We tasted at a few nearby wineries and most of the wines were largely disappointing. At Childress, we did have some lovely white wines and one very good red along with some weak tired reds. Here are the highlights. 2022 Cellar Select Traminette $18 has an brilliantly clean yet emphatically aromatic bouquet of pure citrus and ripe yellow fruit without too much emphasis on the Muscat-like peach/apricot scents. The 2022 Barrel Select Chardonnay $18 is “no oak” with fresh powerful varietal identity yet, it is quite mellow with a soft buttery mid-palate and a long round finish. This is a no oak wine that even a Kendall Jackson drinker would enjoy. While most of the reds were somewhat lean and tired the 2021 Black Spanish $50 which is said to be a Native Texas species (Lenoir) was remarkably good. The beautiful deep black color had just enough transparency on the meniscus to make one think of Rioja. The bouquet is full and complex leading into a mouth feel that is balanced, velvety and embodies the identity of the terroir.
At Hanover Park, while the reds all seemed old and tired, they do grow on you and would certainly enhance a meal calling for relatively tame wines. Our favorite, 2017 Amy’s Blend $40 was the oldest wine we tried and ironically the freshest and most vital. It is a blend of Cabernet Sauvignon and Chambourcin. My guess is that the Chambourcin provides the back bone for this wine’s plump rich character and explains the longevity. I’m starting to see that growing Vinifera in North Carolina is no walk in the park.

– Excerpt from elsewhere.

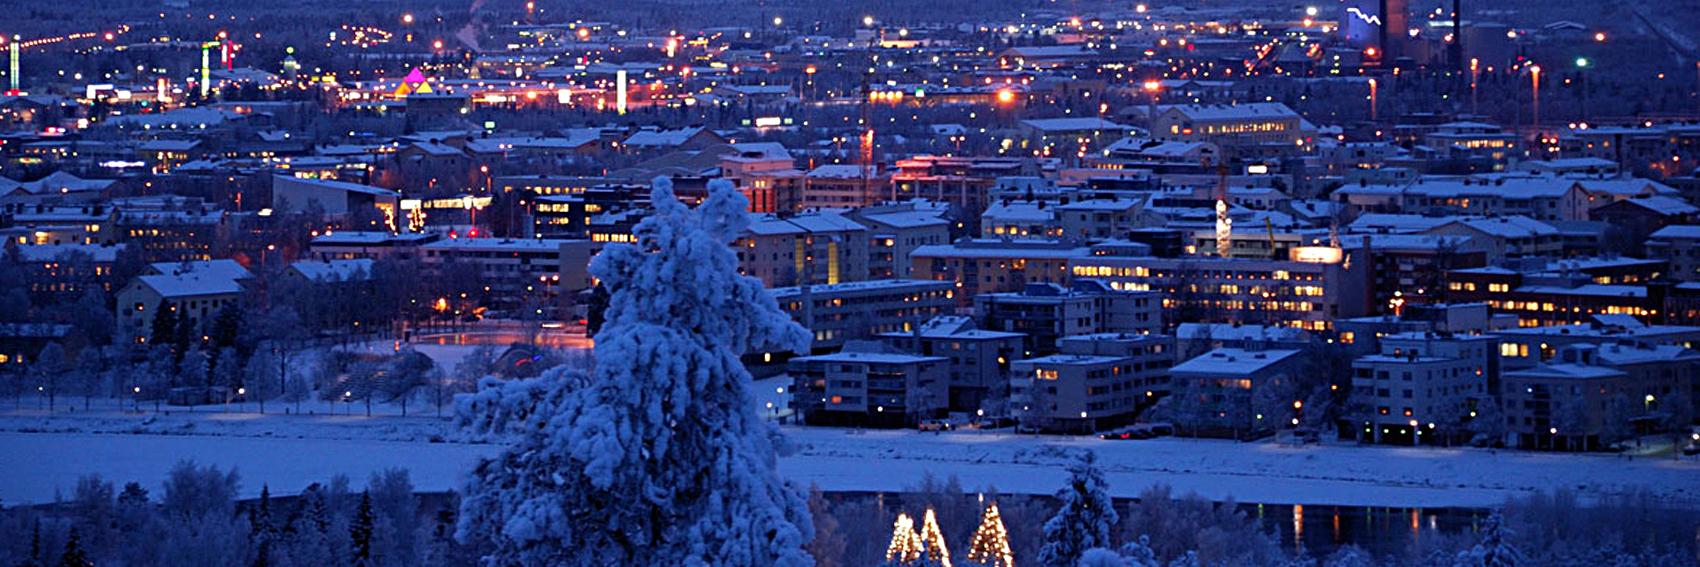 File:Rovaniemi banner.jpg - Wikimedia Commons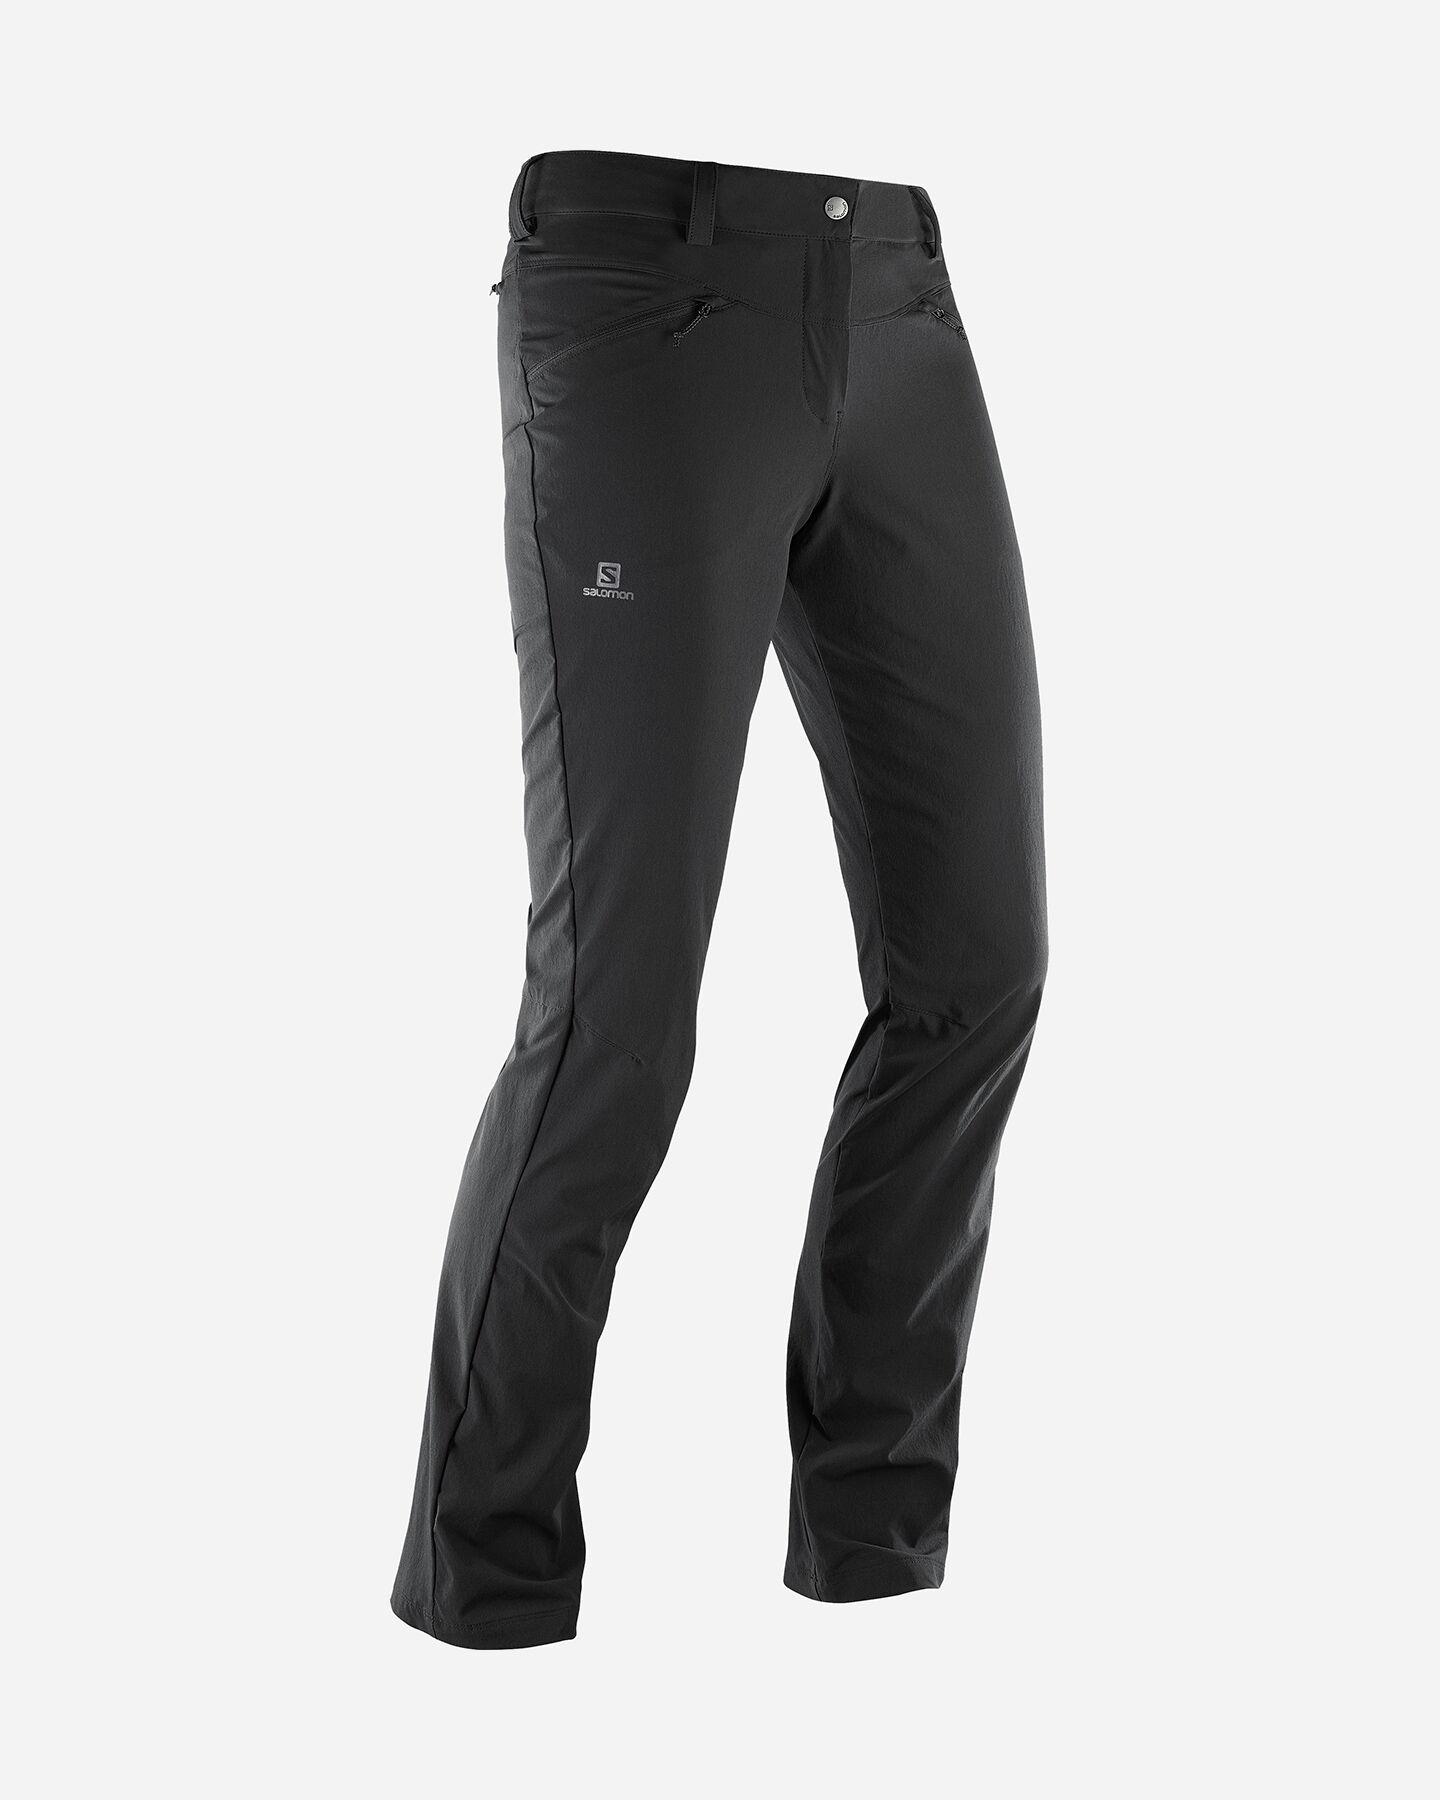 Pantalone outdoor SALOMON WAYFARER STRAIGHT  W S5047681 scatto 1

On our way back to Winston-Salem, we stopped at Medaloni Cellars where it seems like they’ve gotten a handle on growing and ripening Vinifera. We tasted six wines all good. 2021 Kerner $28 is quite Rheingau-like with a round ripe sweet nose and a very clean, crisp, lemony finish. Casa White $28 which is a Chardonnay/Viognier blend comes across as bright and lively with fine subtle aromatics finishing with a rich Chard-like impression. 2023 Skin Contact $29 combines Traminette and Valvin Muscat greeting the nose with a huge floral presence while entering the palate perfectly balanced with a fresh, not too sweet mid-palate and a brisk, bright finish with good texture. 2023 Montepulciano $34 is actually a very deep colored rosé served cold, aged in stainless, ideal for quaffing with casual meals. 2022 Cabernet Sauvignon $38 has a nice plummy nose which reminds me of Côtes de Bordeaux. The fruit on this Cab is the purest we encountered in North Carolina. We finished our tasting with 2021 Petit Verdot $38 which spent two years in oak. Like their Cab, the black fruit is pure and emphatically varietal in the nose with the fine complex mid-palate. The finish is very long reminding me of chocolate almonds.
Overall, I believe that Native and Hybrid varieties are better suited to the damp climate here but, as the horticultural and oenological experience grows dealing with, as Chris Nelson said “making big bold ripe wine from low brix, phrenologically underdeveloped Vinifera”, more and more wineries will figure that out and we’ll see a much broader palette of well endowed international style wines.